Perceptions – Assignments/ Activities
The support offered by assignments and course activities to the acquisition of analytical skills was perceived by those in the e-classroom generally as providing more support than those in the traditional computer classroom. Conducting research, problem-solving, critical thinking and creative idea generation, was perceived as getting a lot of support by 26%, 37%, 47%, 42%, respectively, for the e-classroom, compared to 44%, 62%, 54%, 52%, respectively, in the traditional lab. (See Table 5, below).

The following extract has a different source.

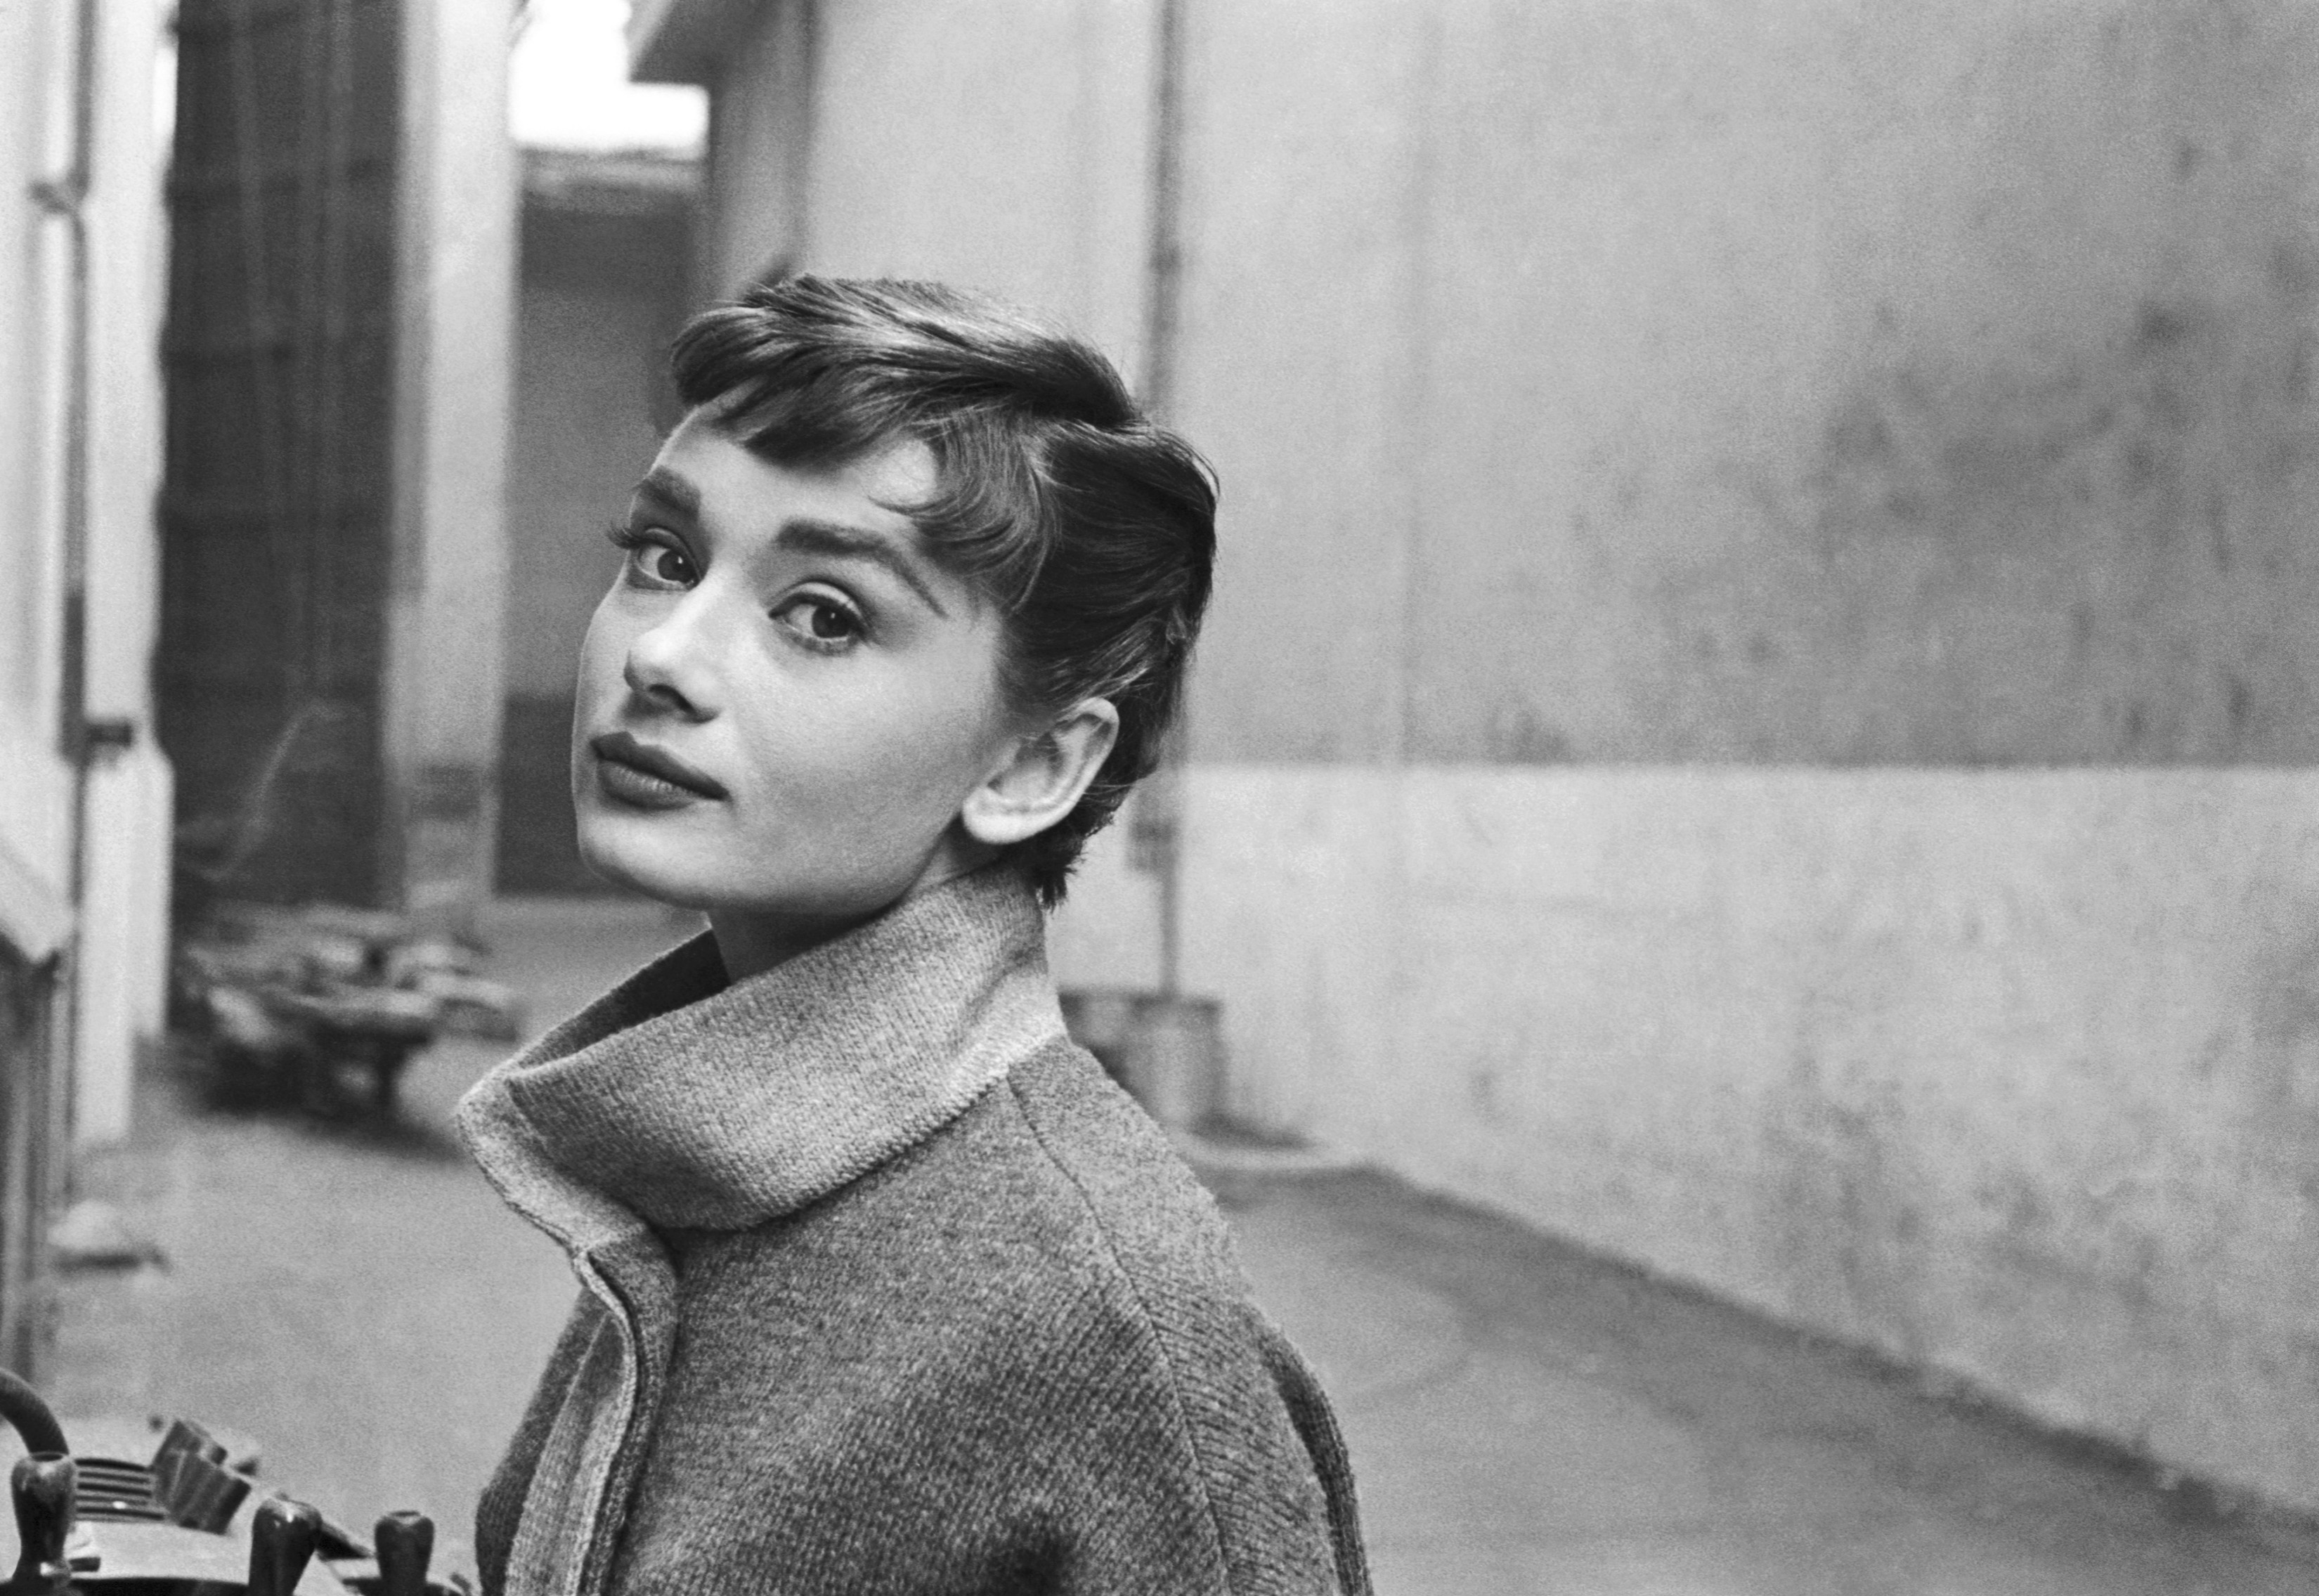 audrey-hepburn-1954-mark-shaw-mptvimages_com.jpg

Perceptions – Team Activity
Those in the e-classroom generally perceived more support than those in the traditional computer classroom for the acquisition of analytical skills by classroom team activities. Conducting research, problem-solving, critical thinking and creative idea generation, was perceived as getting a lot of support by 23%, 33%, 24%, 33%, respectively, for the smart e-classroom, compared to 5%, 17%, 22%, 22%, respectively, in the traditional computer classroom. (See Table 6, below). It should be noted that collaborative group activities in the e-classroom were supported by an integrated network which had team-mode capabilities allowing students grouped by furniture to work as one system with each student obtaining charge of a function such as the keyboard, mouse, audio, and/or application control.

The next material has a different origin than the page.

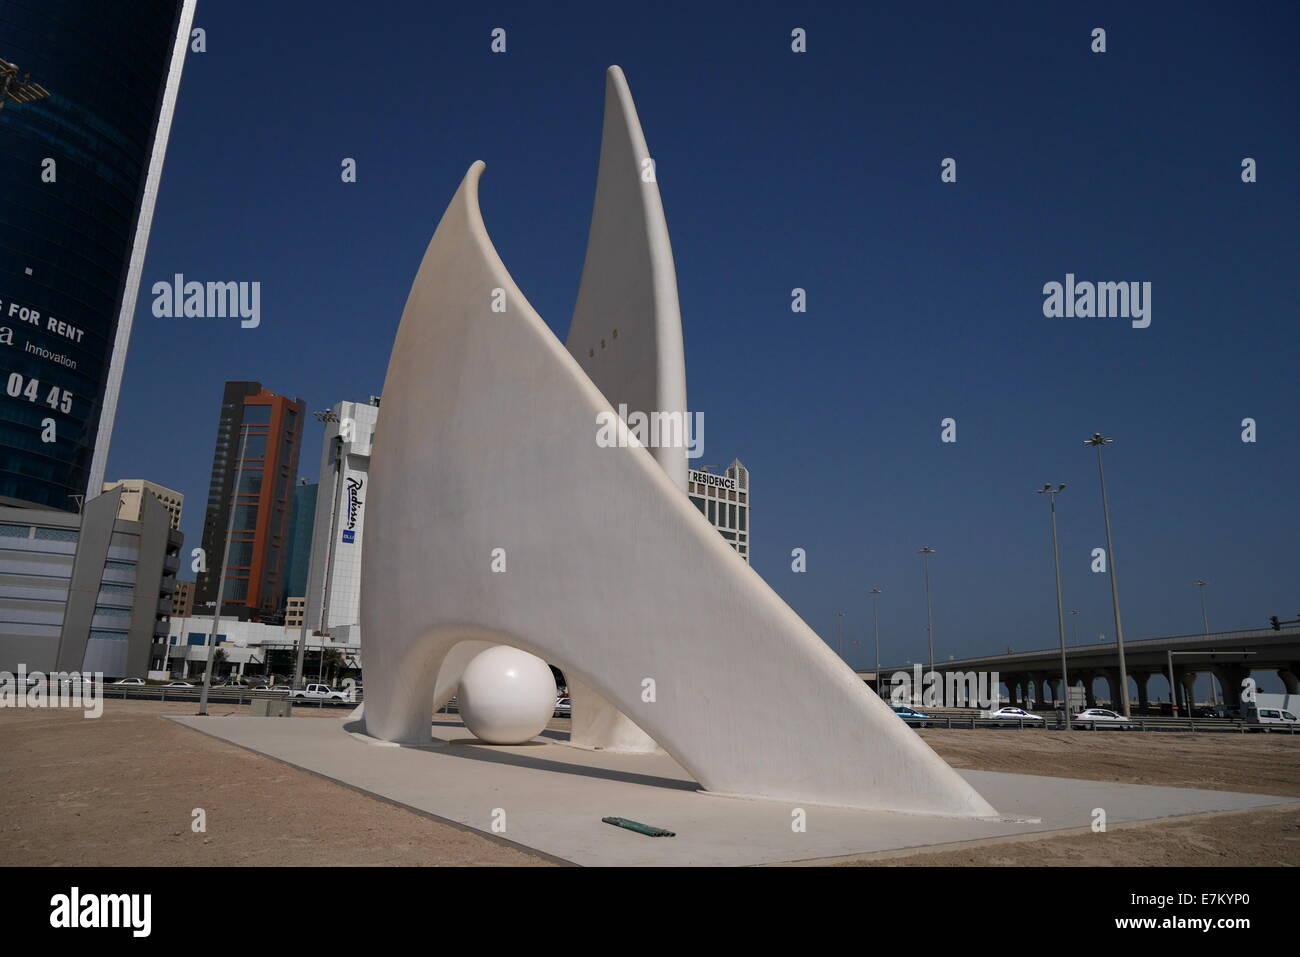 The Sail Monument, Manama, Kingdom of Bahrain - Stock Image

Perceptions – Blackboard Overall
Once again, students in the e-classroom perceived more support of analytical skills by the course management system, Blackboard, than those in the traditional computer classroom. Conducting research, problem-solving, critical thinking, creative idea generation, was perceived as having a lot of support by 38%, 40%, 37%, 37%, respectively, by those in the e-classroom, compared to 17%, 17%, 16%, 17%, respectively, in the traditional computer classroom. (See Table 7, below).

Perceptions – Blackboard Documents 
For conducting research, problem-solving, critical thinking, creative idea generation, 56%, 52%, 40%, 32%, respectively, in the e-classroom, and 21%, 21%, 21%, 21%, respectively, in the traditional computer classroom, perceived a lot of support from documents stored on Blackboard. (See Table 8, below).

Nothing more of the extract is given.